Rants on business, science, technology, society, politics, police, and justice, plus life hacks and tricks, since 2003. header image 2

Karen Hightower is teh suck; Mail service is also teh suck

July 29th, 2004 · No Comments

Today on FARK I picked up an article about a letter that was delivered a mere 37 years after it was sent. The letter was lost behind a machine at the post office, and when the machine was moved, they discovered the ancient post. This made me feel like telling a story at story time.

I used to deliver mail as a work-study job in college. I was always amazed by the sheer amount of stuff that was just routinely tossed without further thought. The problem is, some stuff is sent via the wrong class of mail. Many people don’t realize that, for example, presorted standard mail (although far less expensive than first class) is not the correct medium for mailing, say, a bill or pseudo-important letter. Standard mail does not get forwarded. Meanwhile, I would see driver licenses, credit cards, and other highly important documents just get tossed in the recycle bin because they couldn’t be forwarded or returned to sender. Now, someone reading that might say, “Well, why did you just throw those things away?” I would never throw them away, I would meter them and send them back when I found them, only out of concern for potential identity theft. My supervisor permitted the miniscule monthly expenditure of postage (it was, after all, the ‘right’ thing to do).

So what was the problem? Most of the stuff came in discrete envelopes. I only knew I was holding a driver license because the return address was to “MV 44” — the form number for a new or renewal license. Credit cards were also just as “difficult” to spot. So, I guess what I’m getting at here, is that when you don’t get your important shiat, you can blame the companies mailing your shiat for trying to save pennies on every envelope they push.

And now that brings me to the totally hysterical part of today’s post — the discussion of some junk mail that I’ve been getting recently. So, I apply for a Chase Manhattan credit card because they’re offering me a low interest rate (which, at this point in my life, is meaningless to me anyway) and a decent line of credit. I put my signature on the application, and mail it out. I was approved, and within a week or so I received my brand spankin’ new Chase Platinum card in the mail. I thought that life was pretty damn good. There was one problem though — there was a typo in my address. As I mentioned, I’ve been a mail carrier. I noted the error, and decided that it was so insignificantly small that ignoring it would cause no harm. Well, I was definitely correct that mail to the ‘incorrect’ address would still come to me.

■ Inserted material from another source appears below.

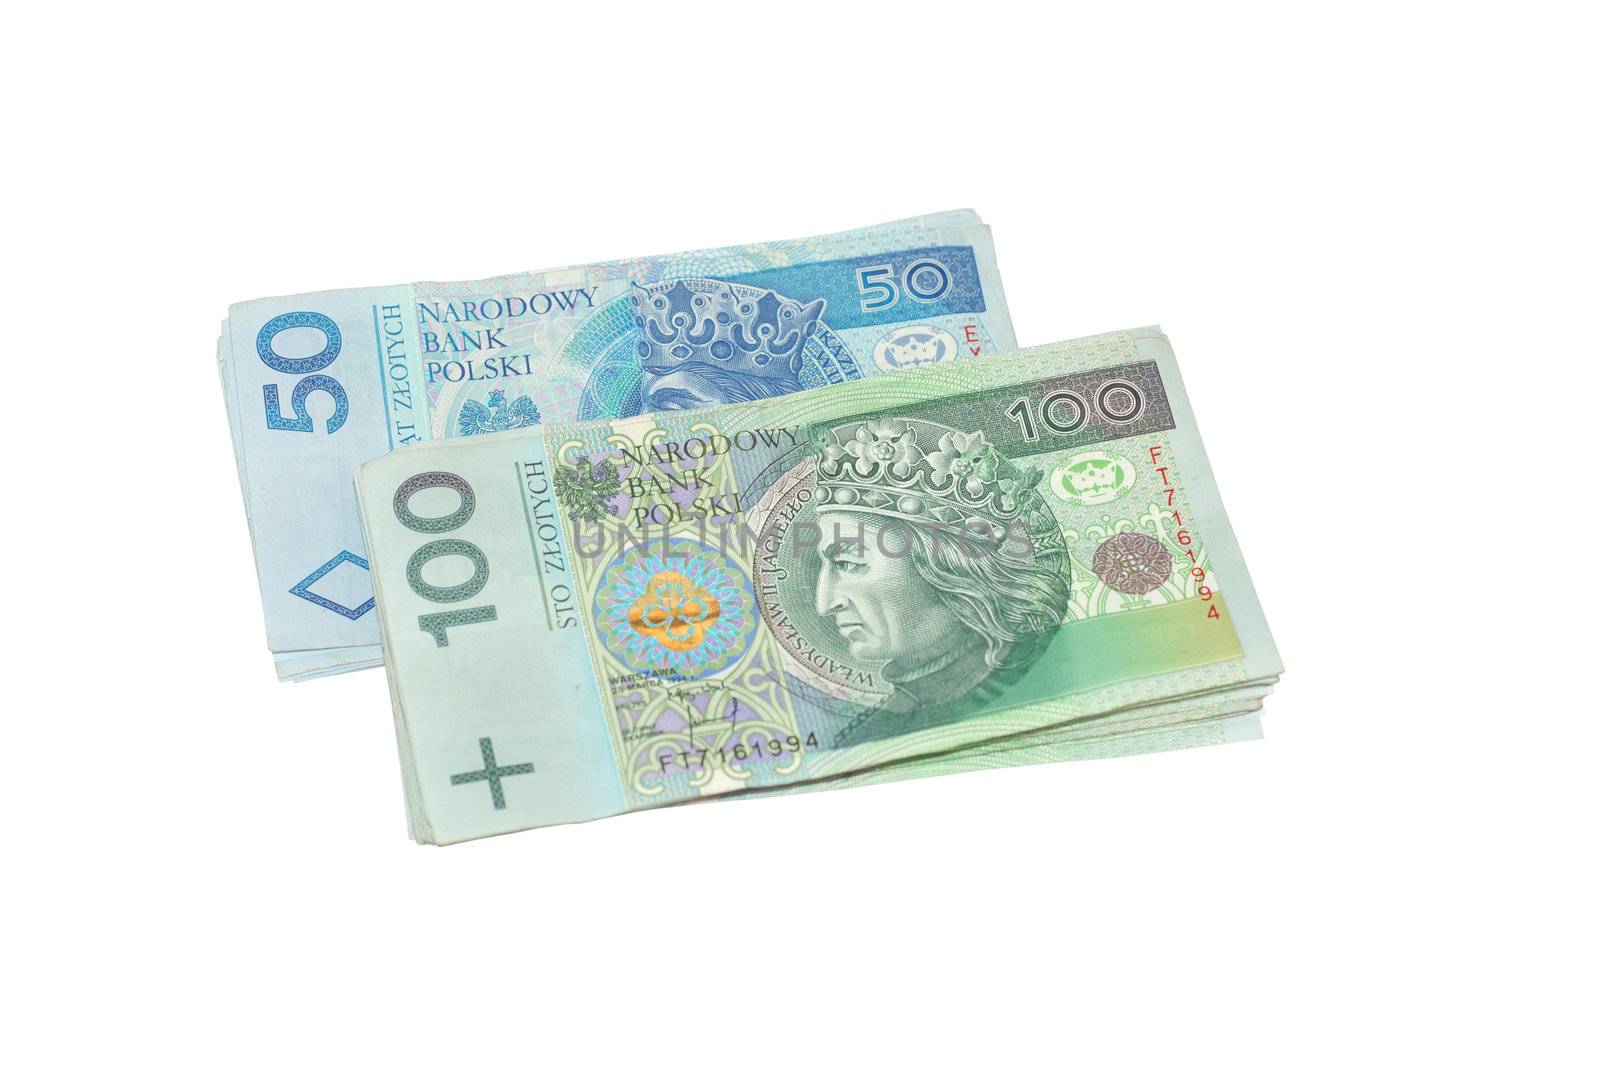 Polish money. Polskie pieniądze by wojciechkozlowski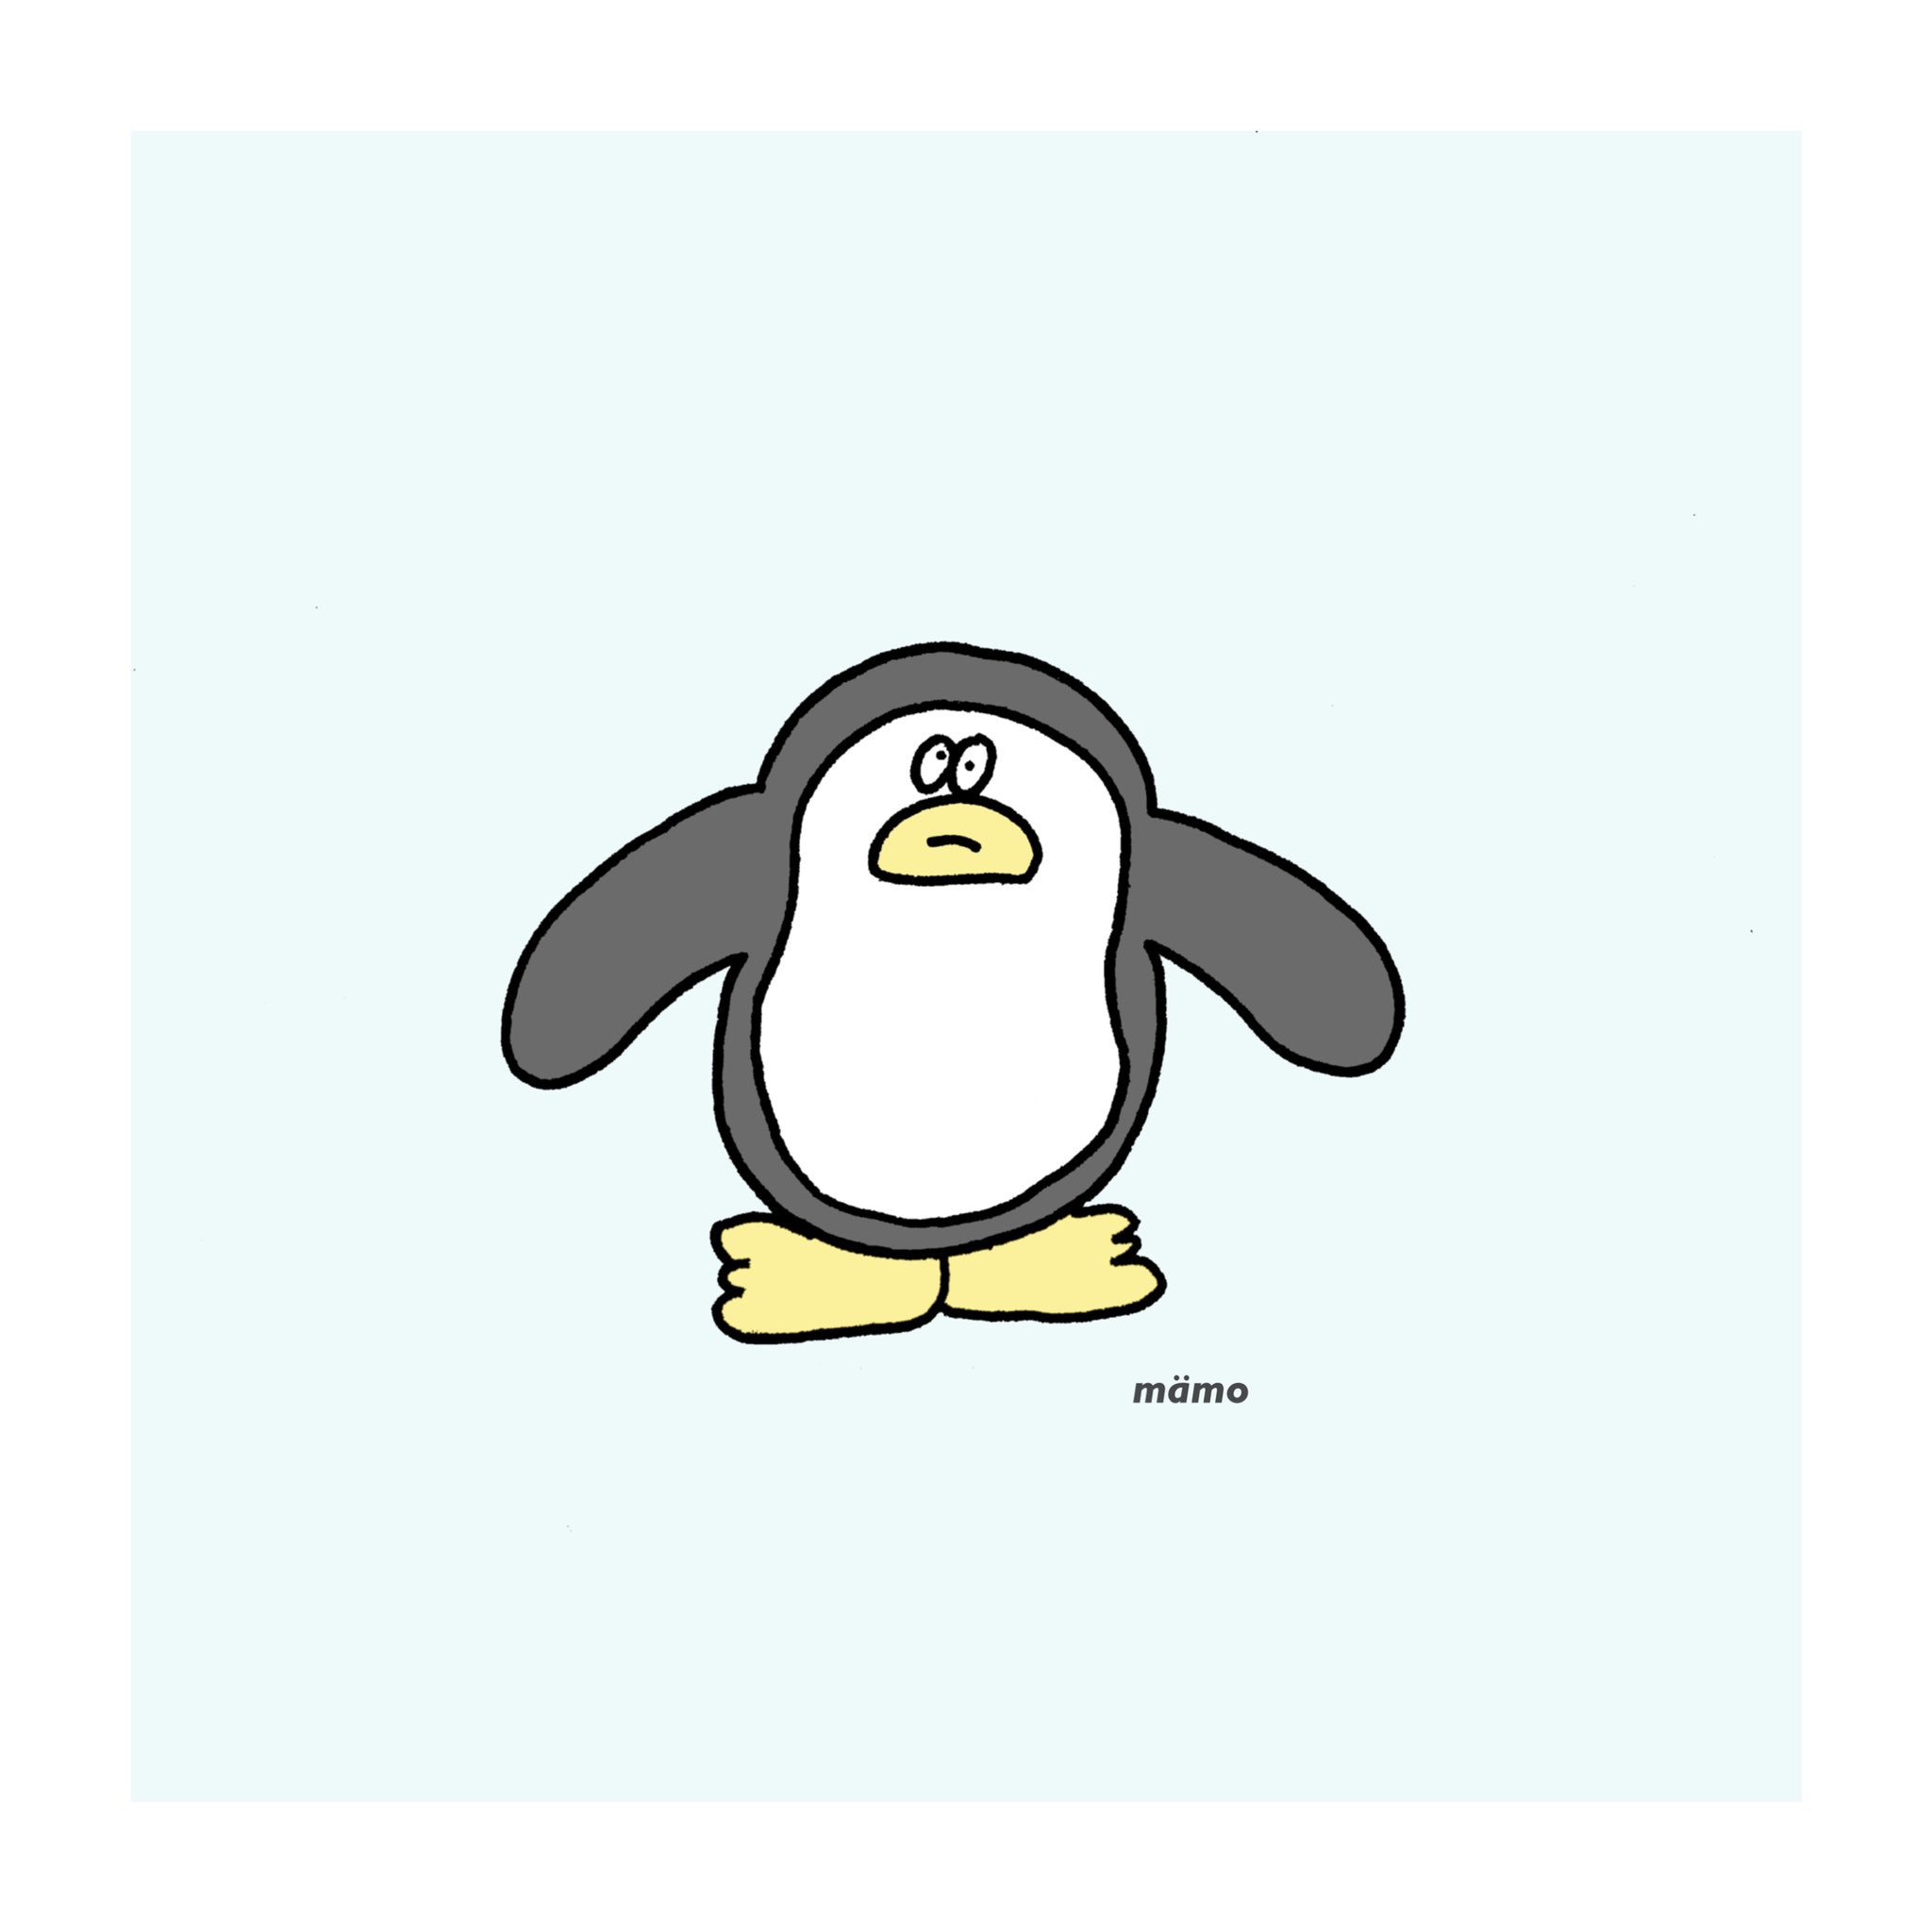 Twitter 上的 Mamo ゆるいペンギン くそゆるいペンギン イラスト シュール 絵描きさんと繋がりたい T Co Z47m1tcnsv Twitter

Over the course of the past two weeks, I’ve been barraged by a peculiar strain of junk mail. Most junk mail is just direct mailing advertisement that just gets thrown out. The first piece caught my attention immediately. First and foremost, I noticed that the same typo appeared in the address of the junk mail — clearly, because my name had been sold by Chase to some external marketing department. For those who are curious, check out this other blog and the intense documentation of just exactly how shady this one piece of junk mail is: Karen Hightower from ARC turns out not to be a real person, nor is she from a real company. The whole thing is a magazine scam. Plus, once you call the phone number on the postcard, you’ve technically ‘done business’ with them, and so even if you’re on the Do Not Call list, this company can call you all they want.

Well anyway, I called up Chase and biatched them out a little bit, and then opted out of their fantastic information sharing programs. Then, however, I got two more pieces of junk mail that were similar in style to the afforementioned piece of suspicious mail. I called back — through an anonymous relay service used by folks who are hard of hearing to communicate through the telephone. The transcript of the call to NME can be found here. What’s interesting is that the agent at the other end admits that the name of the ‘Salesperson’ is actually just a fake. I actually called the other company, ARC, as well, and asked for Karen Hightower just like the postcard instructed me to. The operator explained the relay to the person on their end — and they were obviously confused as to why exactly someone was reading what they were being typed to say. Amusingly, the operator said, “Tell [them] that it’s just an offer for magazines and a sweepstakes and they’ll probably just say they’re not interested and hang up.” Whoa there! That’s quite a sales strategy!

The moral of today’s story: Chase can sizuck my biznalls, ARC and NME are spammer frauds, and you should never do business with a company without searching Google for their name as well — remember that open, community driven markets are good for consumers like you and I.